* [WORK ITEM]: This exercise calls for the line with "- silk lined", the line with "Please note, these", and all lines between them in the material below, output exactly and with no other lines.

* [SUPPLIED MATERIAL]:
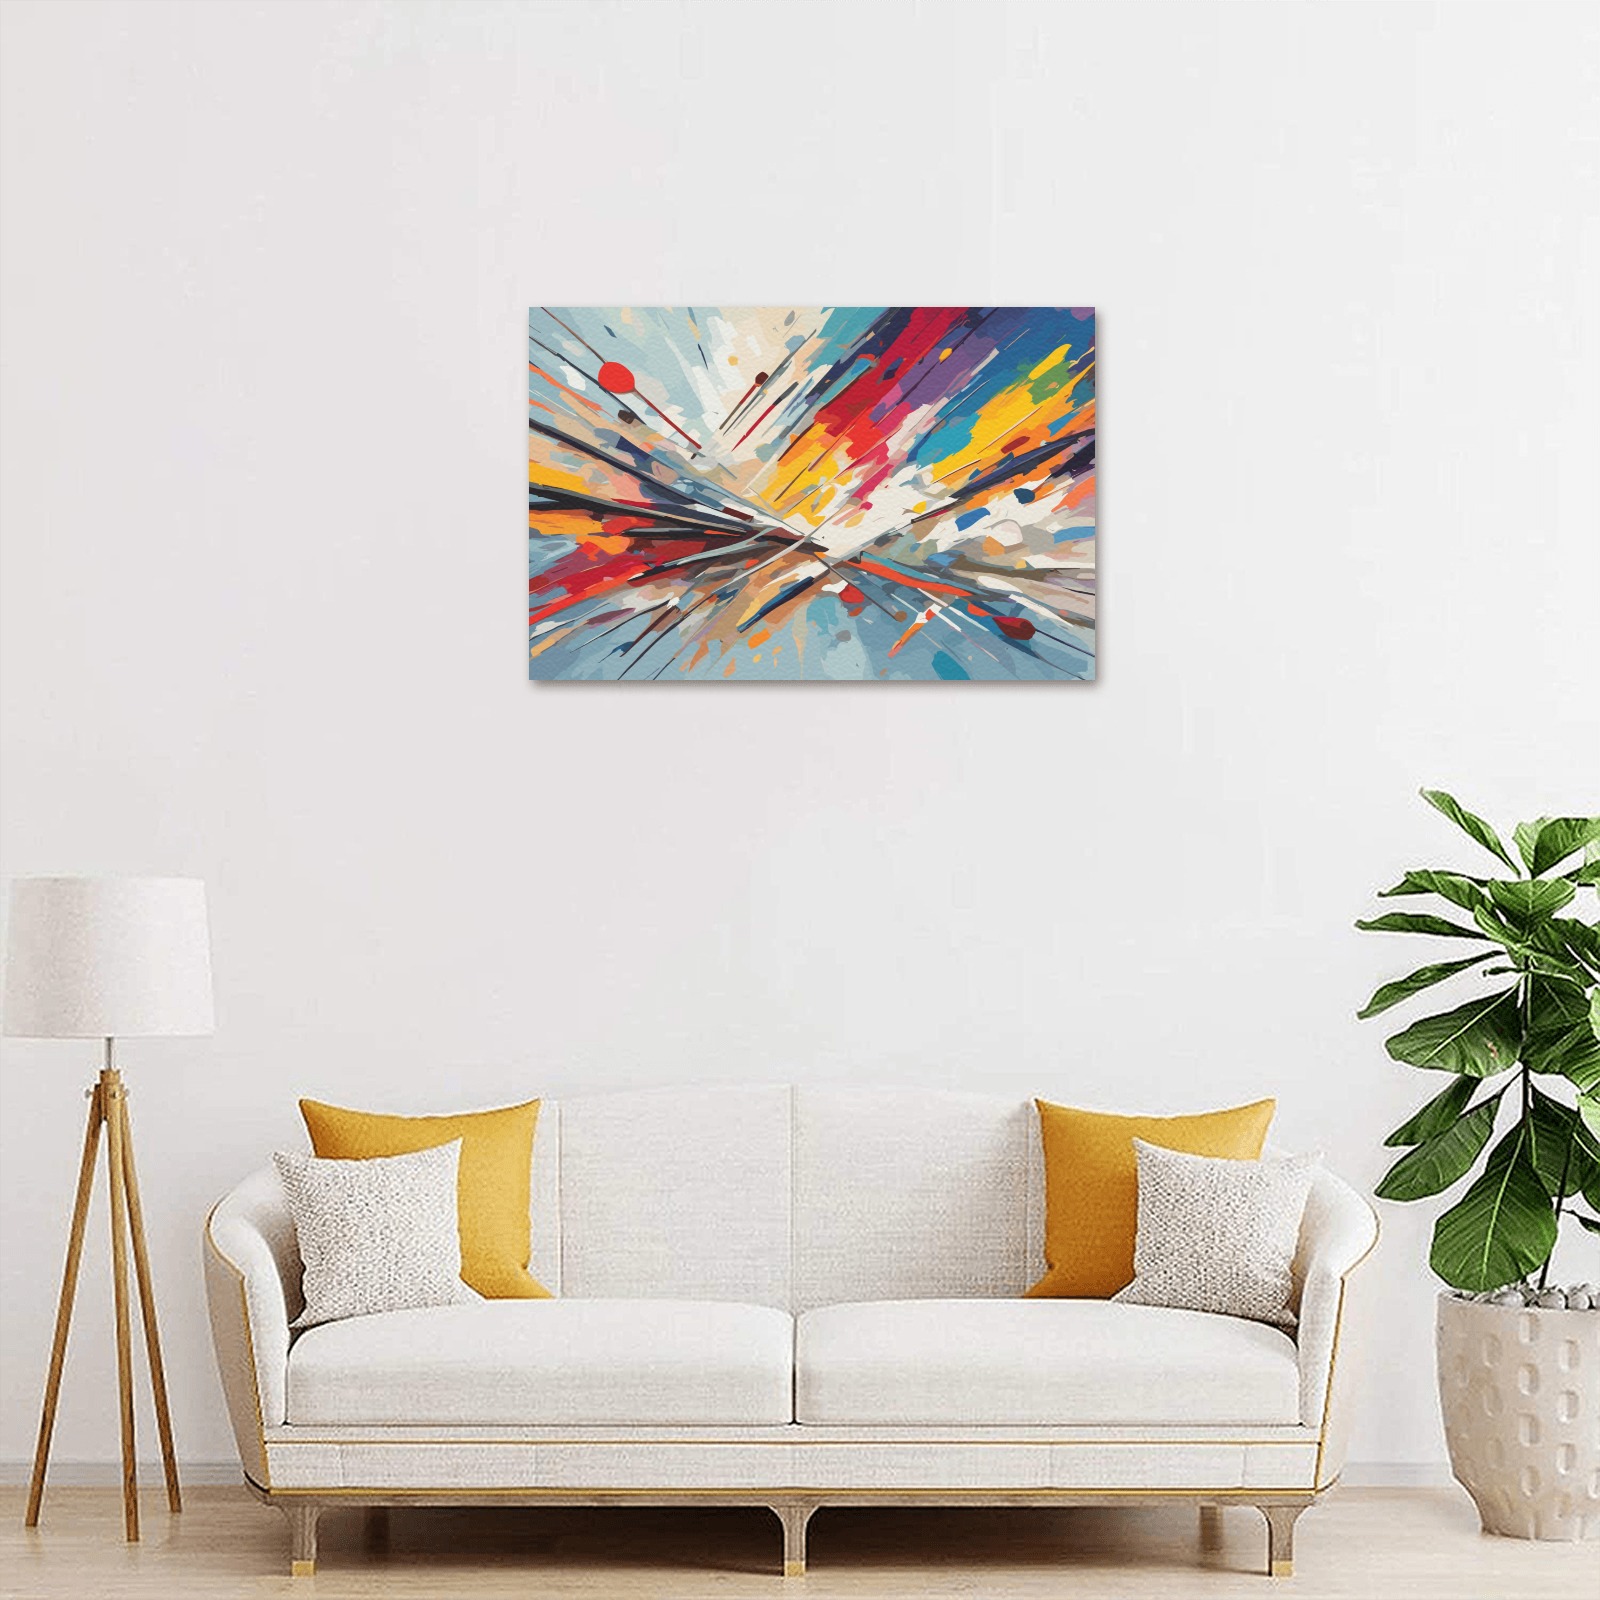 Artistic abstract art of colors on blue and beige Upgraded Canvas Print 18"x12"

...

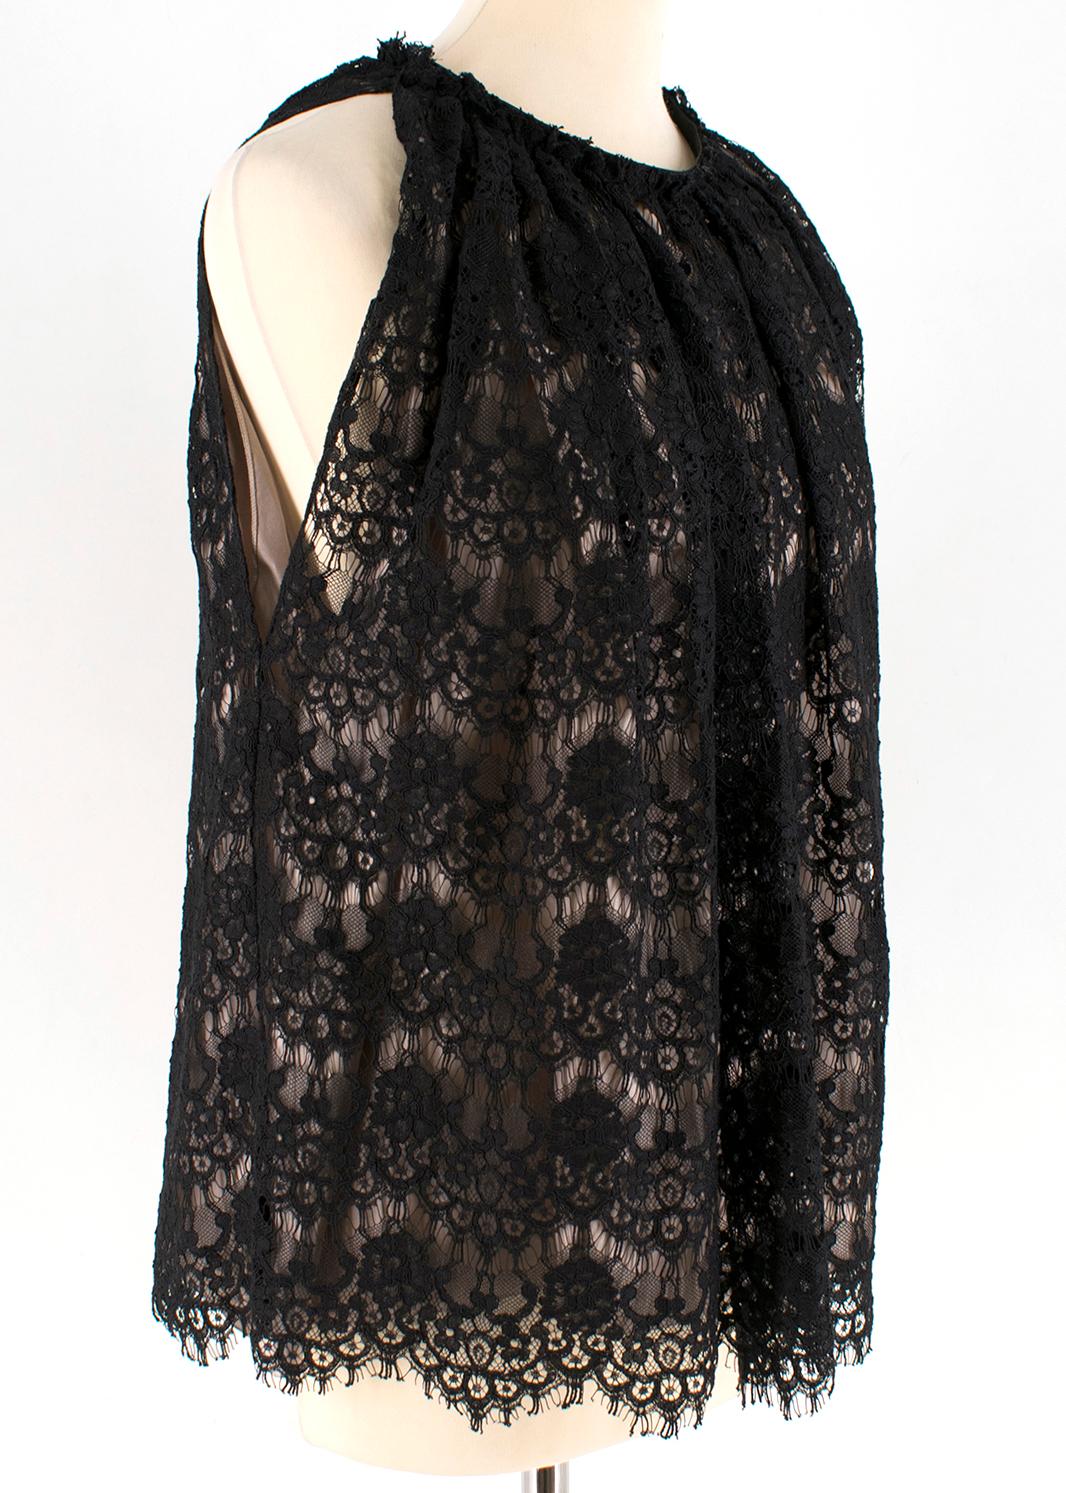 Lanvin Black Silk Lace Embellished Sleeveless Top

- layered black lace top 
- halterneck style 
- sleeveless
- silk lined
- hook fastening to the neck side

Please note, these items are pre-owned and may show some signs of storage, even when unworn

* [SOLUTION TO THIS TASK]:
- silk lined
- hook fastening to the neck side

Please note, these items are pre-owned and may show some signs of storage, even when unworn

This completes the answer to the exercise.